Image via Wikipedia
Microsoft's Open XML standard for Office documents is controversial. Depending on your point of view, it somewhere between a breakthrough in opening up the standard in which the world's most popular office suite saves documents, or a cynical ploy to counter the momentum behind OpenOffice and its rival Open Document XML standard. Amidst all the arguments, it is easy to lose sight of the simple fact that, whatever its merits, Microsoft Office does now save by default in an XML format.
When Office 2007 came out, it was not really sensible to use the new XML formats, such as .docx for Word and .xlsx for Excel, outside the safety of an intranet. If you sent one as an email attachment, there was a good chance the recipient would not be able to read it. Still, now we have Office 2010 and SharePoint 2010, and Open XML has become both more important and less troublesome. It is the only format fully supported by the new Office Web Apps, for example. Further, most of us have had to come to terms with Open XML, at least to the extent that we can open them. Maybe it is time to see if the new formats might actually be useful.

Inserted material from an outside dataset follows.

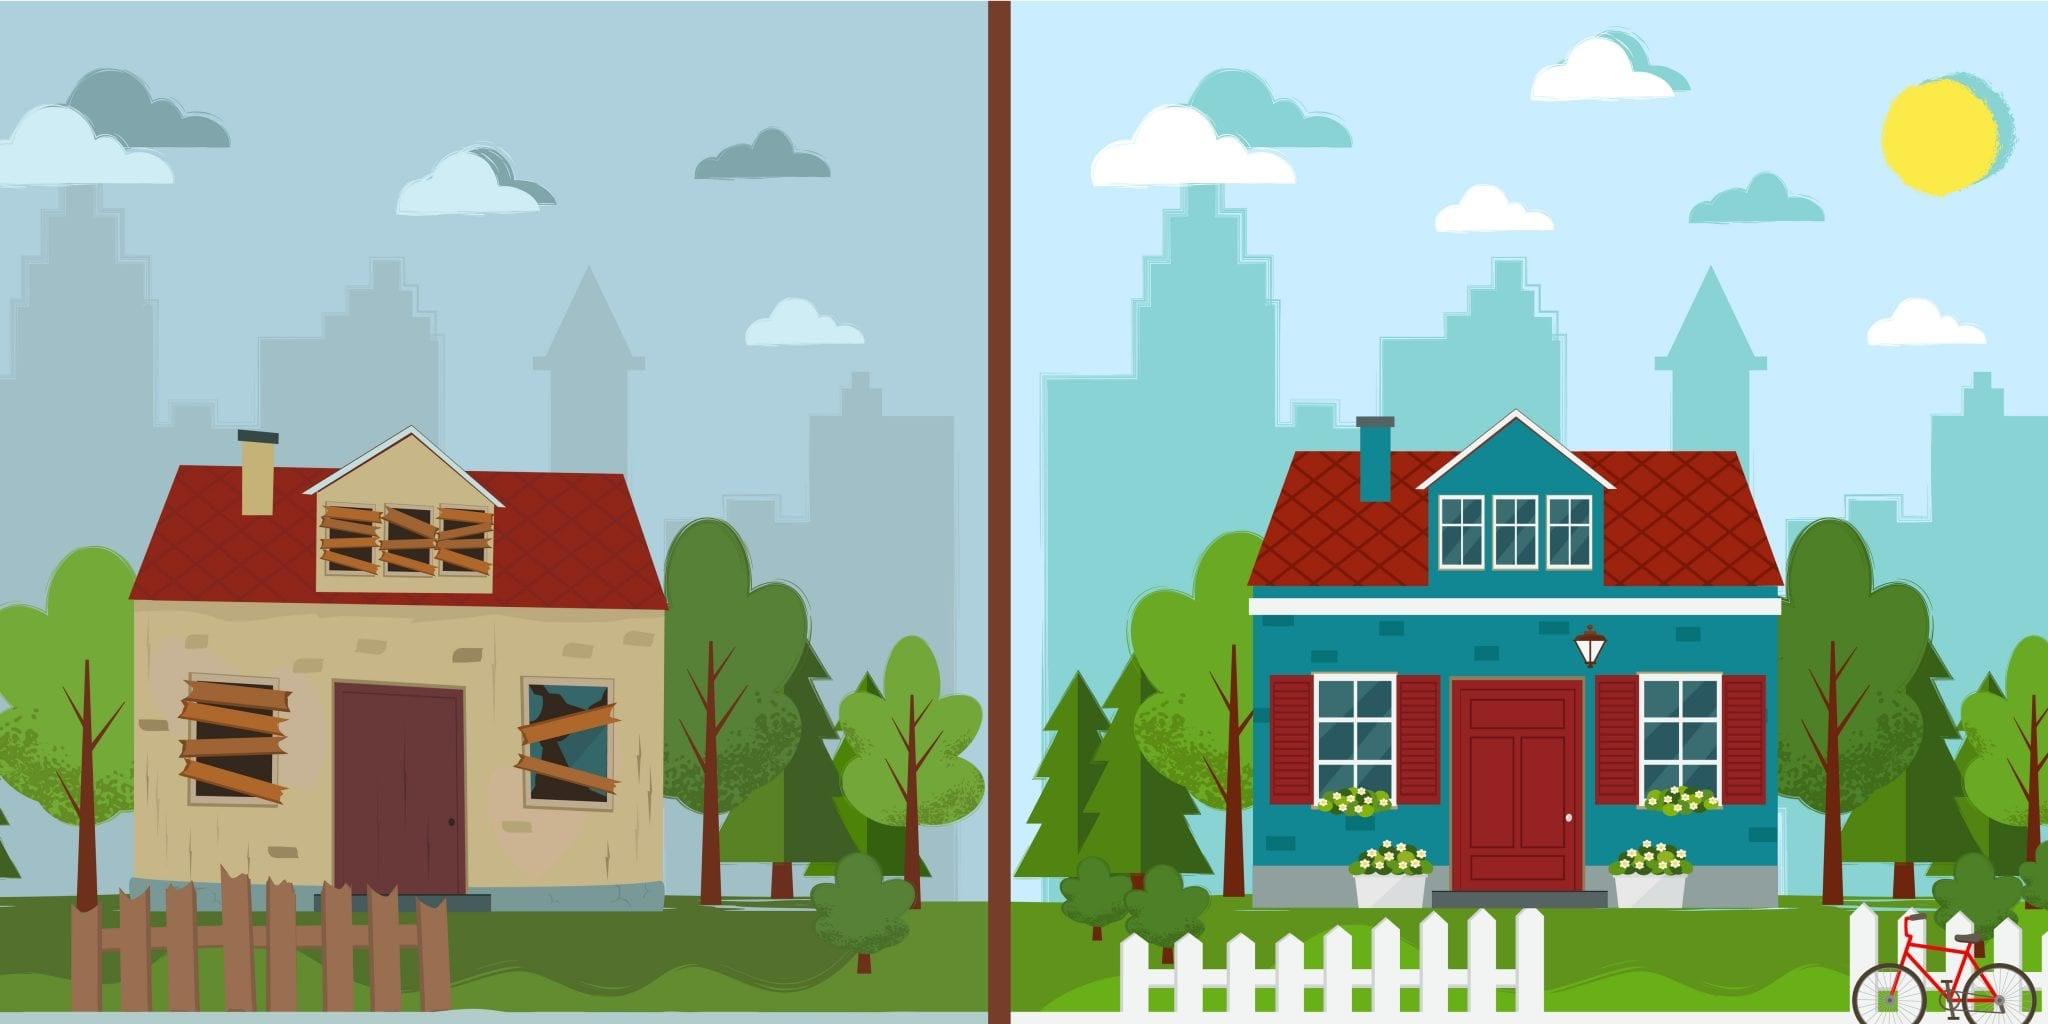 1-2-3 Flip: How To Flip Houses The Profitable Way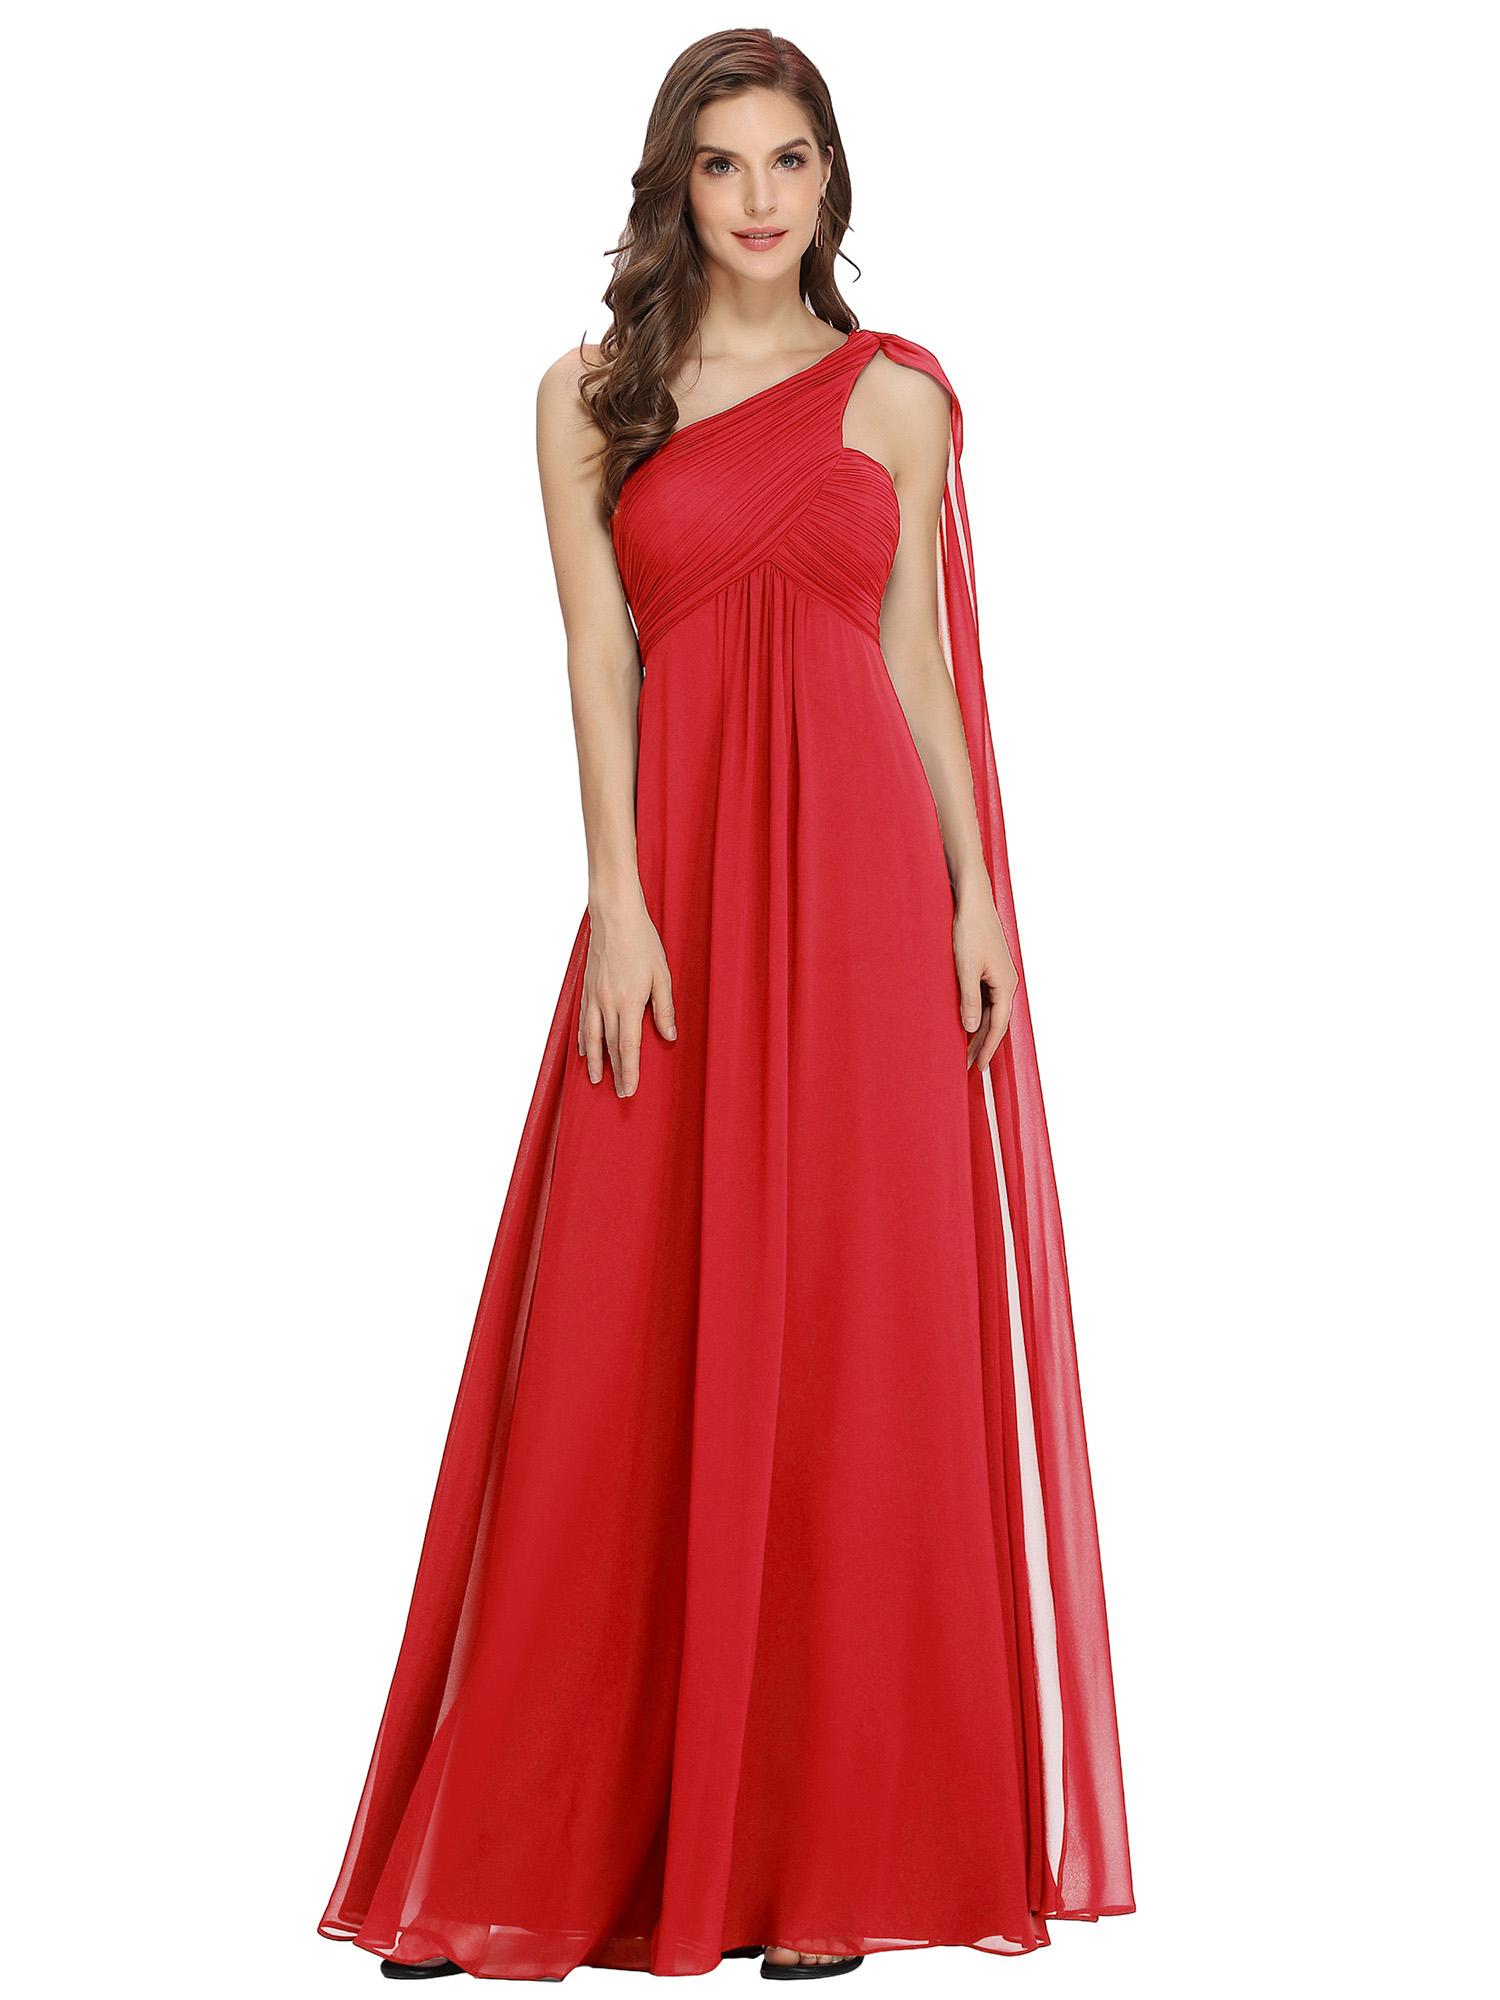 Ever-Pretty-Bridesmaid-Dresses-Chiffon-Ribbon-Long-Formal-Cocktail-Party-Dress thumbnail 28

The most obvious advantage of XML is that you can read and write documents using standard XML libraries. There is no need to have Microsoft Office installed, or to try and run it behind the scenes on a web server in order to parse or generate documents. That said, an Open XML document is not a single file akin to an HTML page. Instead, it is a set of related XML files bundled together as a ZIP archive, using another Microsoft standard called the Open Packaging Convention (OPC) If you are curious, you can rename a .docx to .zip, extract the files, and have a look.
If you have in mind to generate Office documents using an XML library, the bad news is that it is not a trivial thing to get right. The good news, at least for .NET developers, is that Microsoft has an Open XML SDK that wraps this complexity. The further bad news though is that the SDK does not free you from having to understand how an Open XML document is put together.
I discovered this for myself after downloading the latest version of the SDK, newly updated for Office 2010. I wanted to investigate how easy it would be to have a web application generate Word documents for download. It turned out to be frustrating. There is what looks like a nice help document with the SDK, including Getting Started articles and a complete reference. Unfortunately, it does not tell the whole story. I was able to generate a simple document in no time, but was soon troubleshooting issues. For example, I found that whitespace at the end of text snippets was getting truncated, so that words ran together, until I figured out that a text element needs the space="preserve" attribute, wrapped by the .NET library as SpaceProcessingModeValues.Preserve. Using styles was also tricky. I followed the supplied article on applying a style to a paragraph, but although I used a standard Word style it was ignored. Styles are no use without a StylesDefinitionPart that contains definitions for the styles you will use.
In the end, the SDK documentation is little more than the famously lengthy Open XML specification, presented as classes and members instead of plain XML. There are few useful code examples.
Open XML is also verbose, and makes you realise how concise HTML is by comparison. You can embolden a word in HTML with a simple <b> element, but in Open XML you have to add a RunProperties element to the Run element that has your text, and then add the Bold element to RunProperties. Microsoft mitigates this verbosity by using very short element names; it is also one of the reasons for using ZIP compression on the final bundle.
It does get better, once you have done your homework on the OPC and Open XML, and created your own wrapper code for the .NET API. There is also a fantastic Productivity Tool included with the SDK, with which you can open and inspect Open XML documents. Its best feature is called Reflect Code, and generates the C# which creates the document you have opened. This means you can get a working example for any document, which can also be used as a starting point for your own document generation. For example, you can set up a document with some dummy text using the styles you need, generate the code, and then amend it to replace the dummy text with your own dynamic content. The only snag is that an innocent-looking and nearly blank Word document includes a large amount of metadata, themes and other stuff, so the generated code is over 2,000 lines long.
Microsoft could do a better job with the SDK documentation, but this is still a powerful tool for parsing and generating documents, and delivers a means of processing Microsoft Office files on the server without Office or SharePoint installed. If you want to know more, the official resource site is here. Finally, a commercial alternative with a more developer-friendly API for both binary and Open XML Office documents is Syncfusion's Essential DocIO; I've not used it but have heard good reports.